==== Given material ====

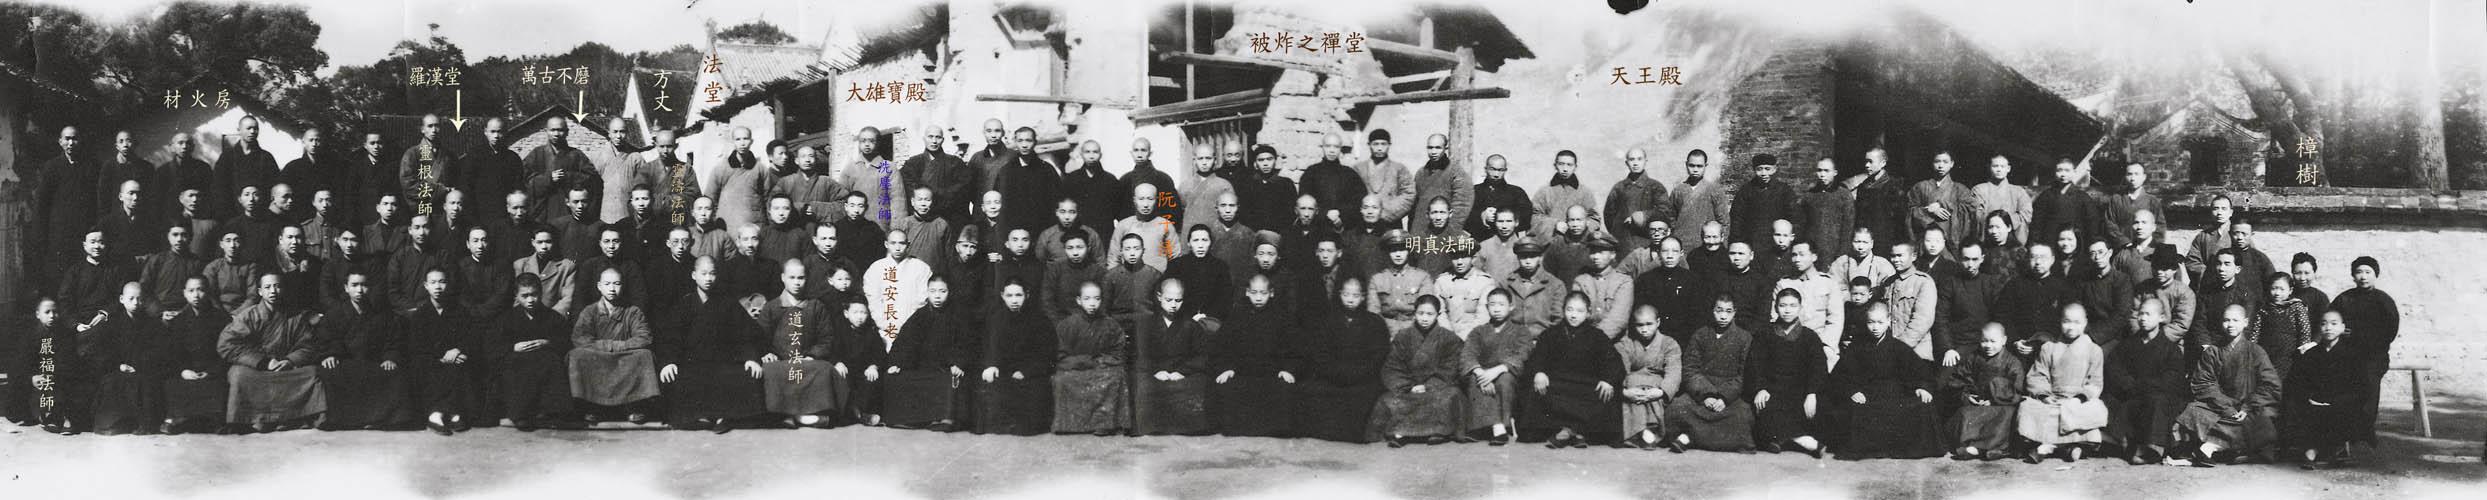 1948年2月24日道安長老入主祝聖寺住持及南岳佛學院長典禮時之攝影。
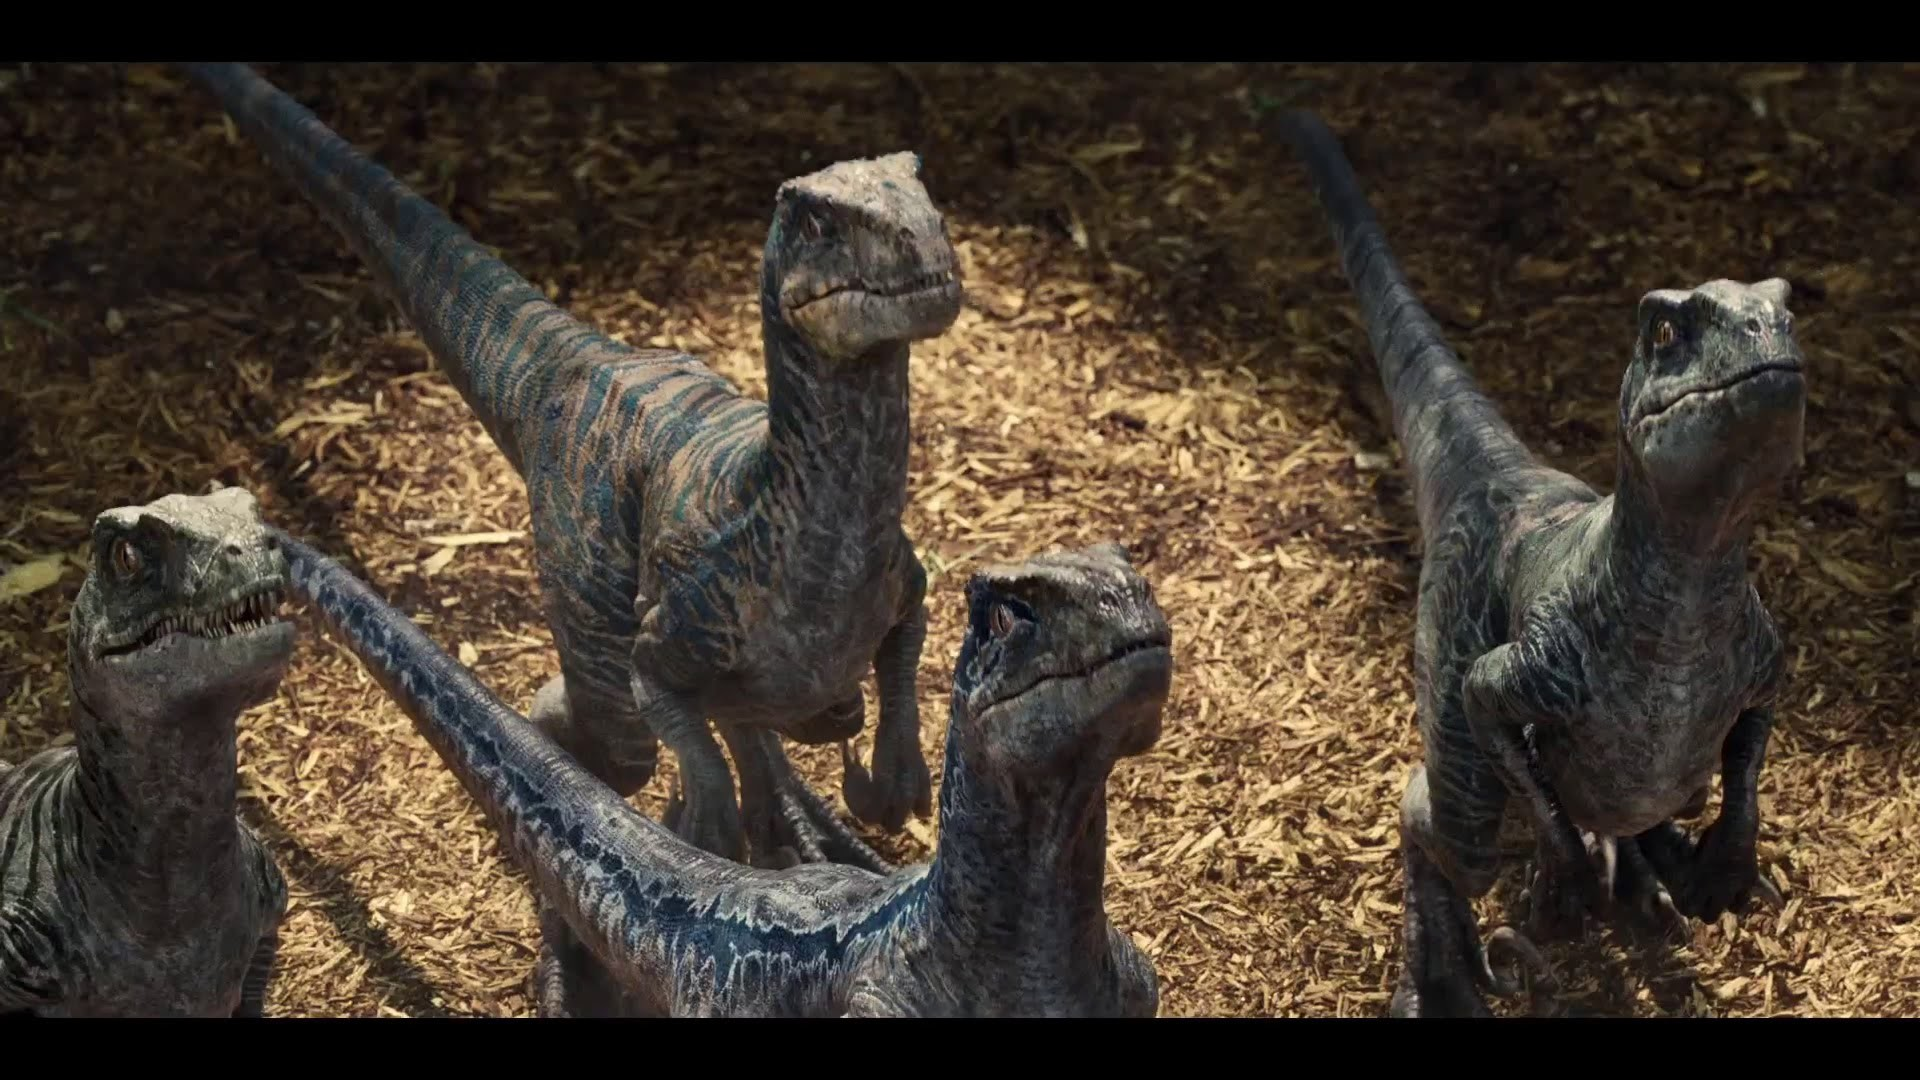 jurassic world velociraptor wallpaper 82 images
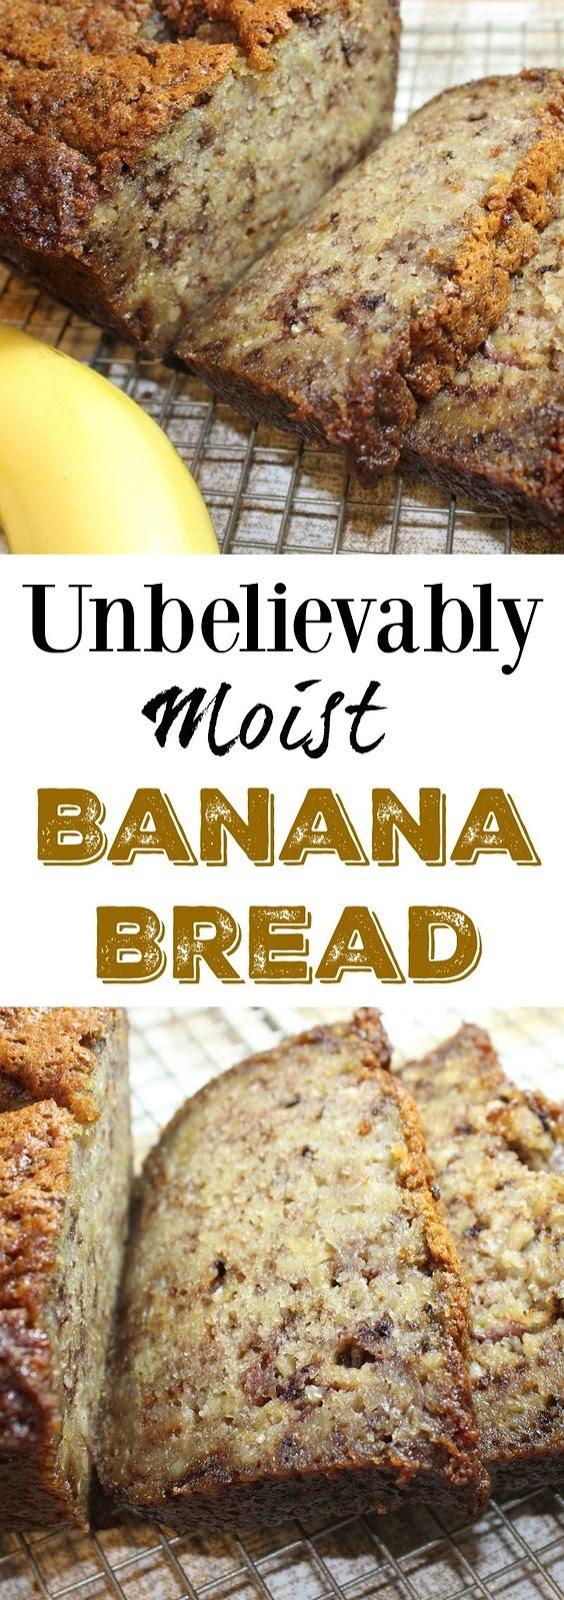 Unbelievably Moist Banana Bread
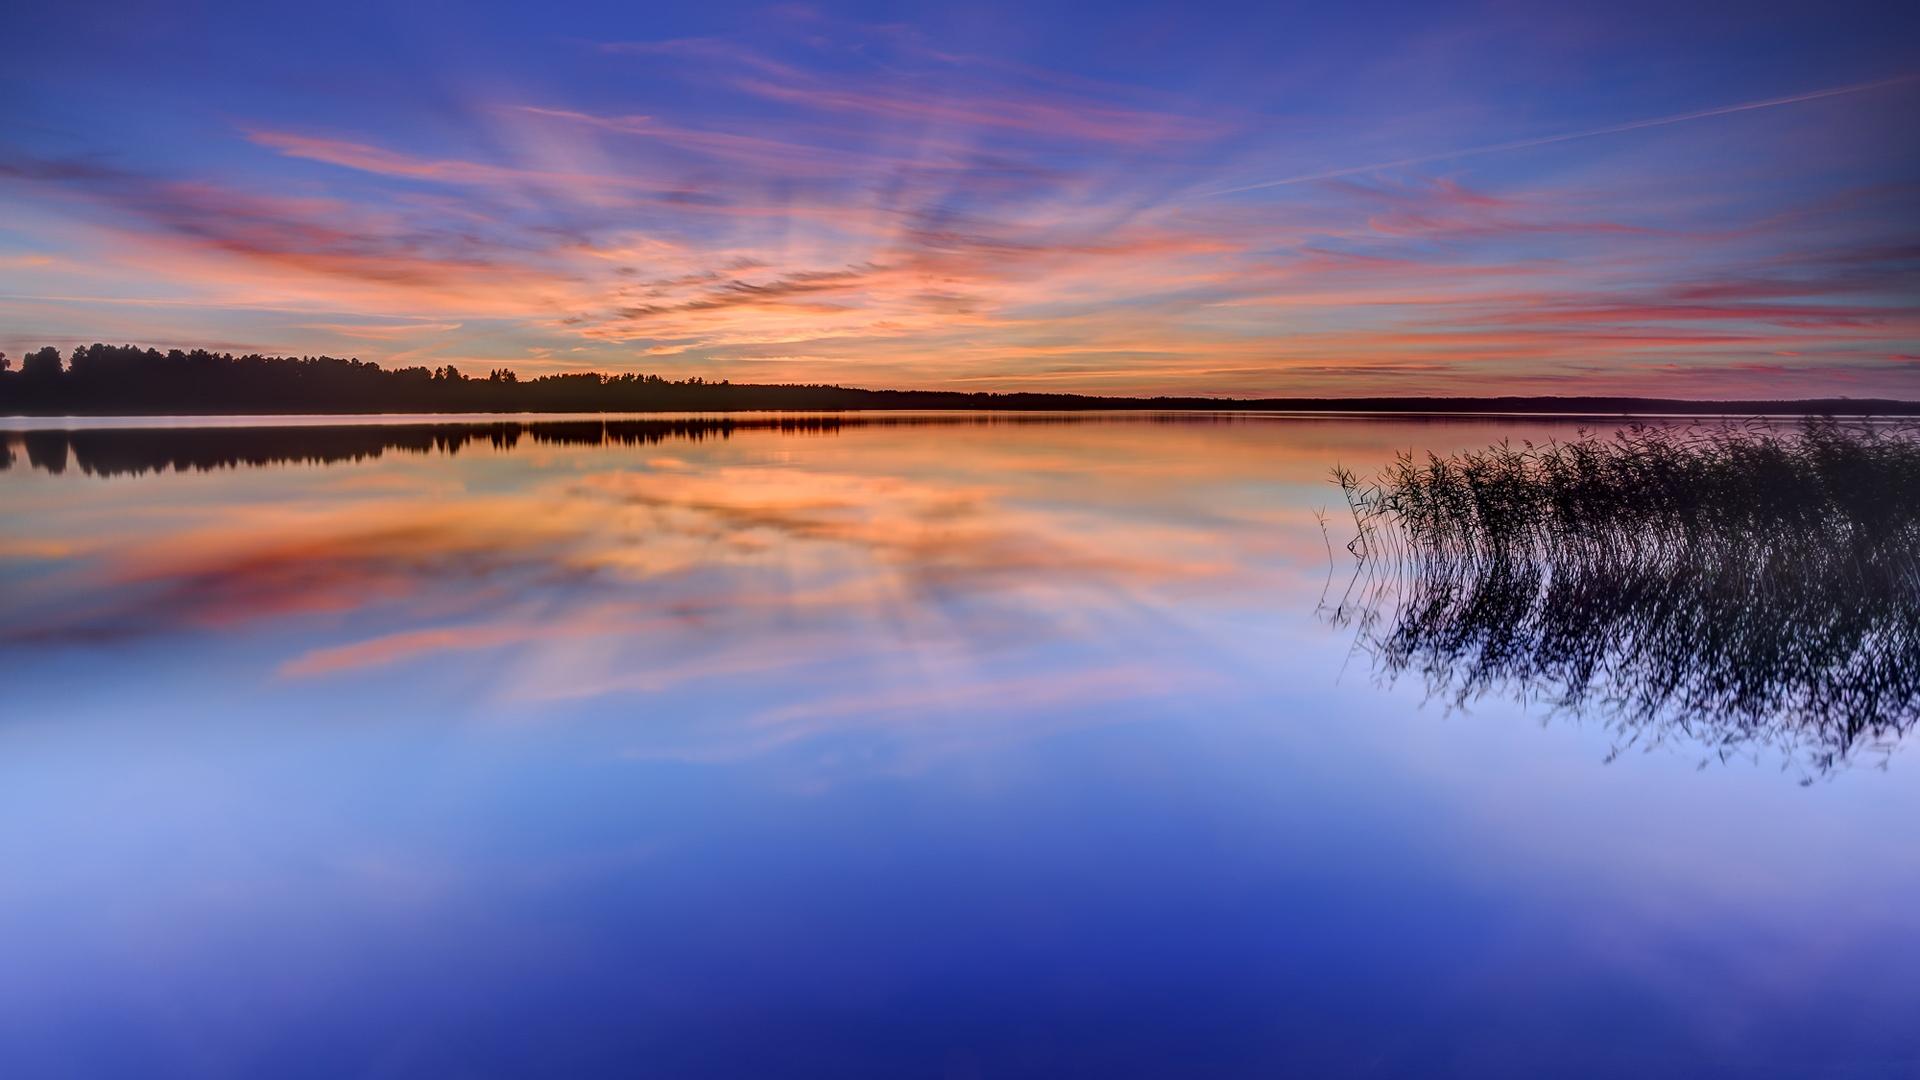 ダウンロード壁紙 1920x1080 スウェーデン、カールスタード、湖、水、草、木、夜、日没、反射 フルHD HDのデスクトップの背景

====

Prompt
The expected output is the complete listing, word for word, without any picture.

Solution to the exercise
 1948年2月24日道安長老入主祝聖寺住持及南岳佛學院長典禮時之攝影。
 jurassic world velociraptor wallpaper 82 images
 Unbelievably Moist Banana Bread
 ダウンロード壁紙 1920x1080 スウェーデン、カールスタード、湖、水、草、木、夜、日没、反射 フルHD HDのデスクトップの背景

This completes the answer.